Submitted by the University of Manitoba Faculty of Dentistry
University of Manitoba Faculties of Dentistry and Medicine join forces to improve health of at-risk Manitobans
Manitoba Health announced $500,000 in funding (over five years) to the faculties of Medicine and Dentistry toward development of a groundbreaking online curriculum to educate nondental health care providers about oral health.
Diseases and conditions of the oral cavity can have a profound and pervasive impact on overall health, especially in high-risk populations where access to dental care may be limited. The Oral Systemic Health for Non-Dental Healthcare Providers curriculum is the first comprehensive plan to fill this gap in health science education.
“This new and innovative online educational training curriculum will give health care workers the tools they need to help identify serious oral health conditions that can affect the lives of their patients,” said Ms. Theresa Oswald, Minister of Health (Manitoba).
Dr. Anthony M. Iacopino, Dean of the University of Manitoba Faculty of Dentistry, noted that the patient-centered curriculum will provide valuable training in areas such as cancer and periodontal disease. “It will ultimately result in better care for those at risk,” he said. “We are pleased to be able to take on a leadership role in this next generation of health care in Canada.”
The multimedia online curriculum will feature learning modules focusing on areas highly relevant to health outcomes in high-risk populations.
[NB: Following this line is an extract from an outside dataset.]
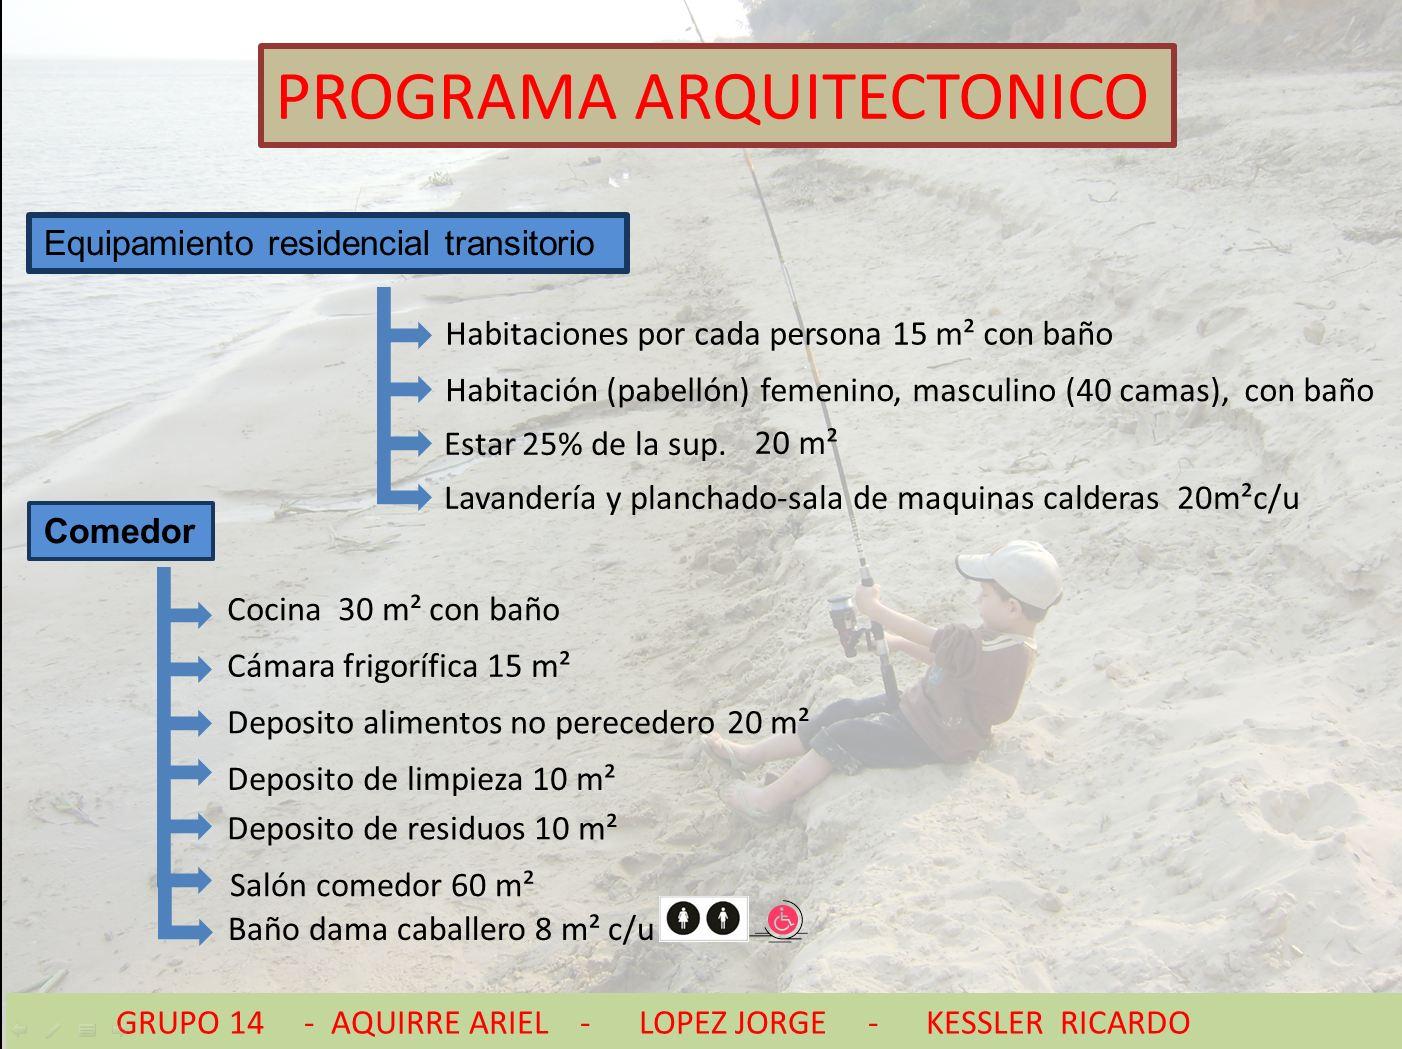 Arquitectura4 upa grupo 14 programa arquitectonico for Programa arquitectonico biblioteca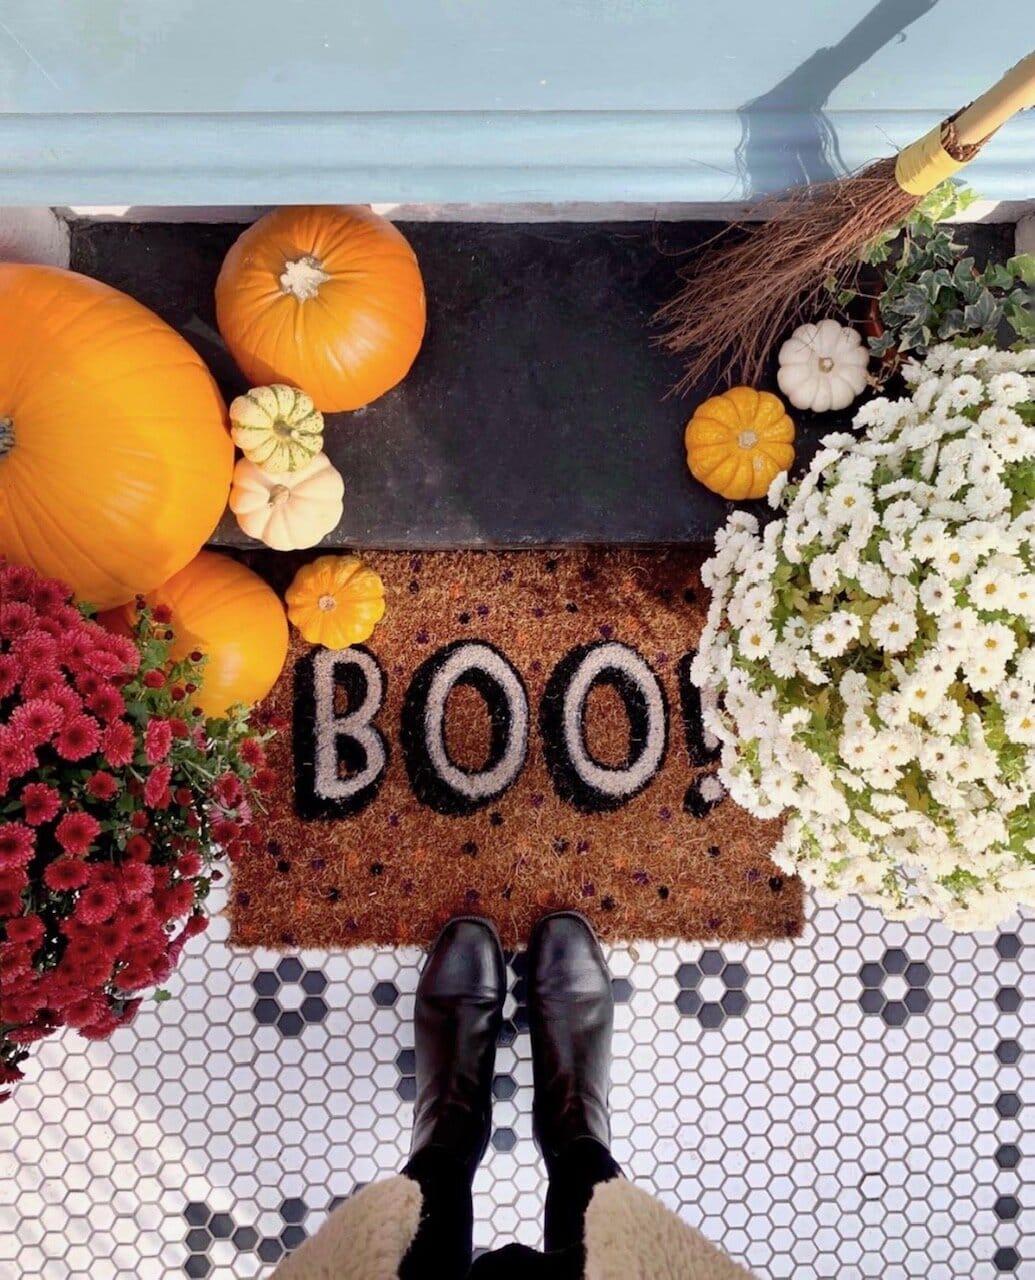 Boo to you too! The halloween decor extends to Jen's door mat in this post! Instagram  @thehousethatjenbuilt_

These areas include oral cancer; the oral health care of children, older adults, care givers, and immunocompromised patients; and the provision of basic dental care by non-dental healthcare providers.
“We expect the new curriculum will be embraced by all members of our allied health professions as we work toward improving health outcomes for all,” said Dean Brian Postl, University of Manitoba Faculty of Medicine.
The curriculum will provide tools to assist nondental health care providers—such as physicians, nurses, and pharmacists—in screening, appropriately referring patients at risk for oral diseases and conditions, and co-managing patients in high-risk categories.
Given the appropriate education and training in oral health, nondental health care providers could impact the epidemiologic trends in serious and often debilitating oral diseases and conditions.
The Curriculum in Oral Health for Non-Dental Healthcare Providers is led by Dr. Casey Hein, Director of Education, International Centre for Oral-Systemic Health and Director of Inter-Professional Continuing Development in the Faculty of Medicine’s Division of Continuing Education and Professional Development.
The curriculum realizes the mandate set out by Health Canada for achieving interprofessional education for collaborative, patient-centered practice. The educational modules, currently under development, will be made available to students at the University of Manitoba in addition to undergraduate and graduate health care students worldwide.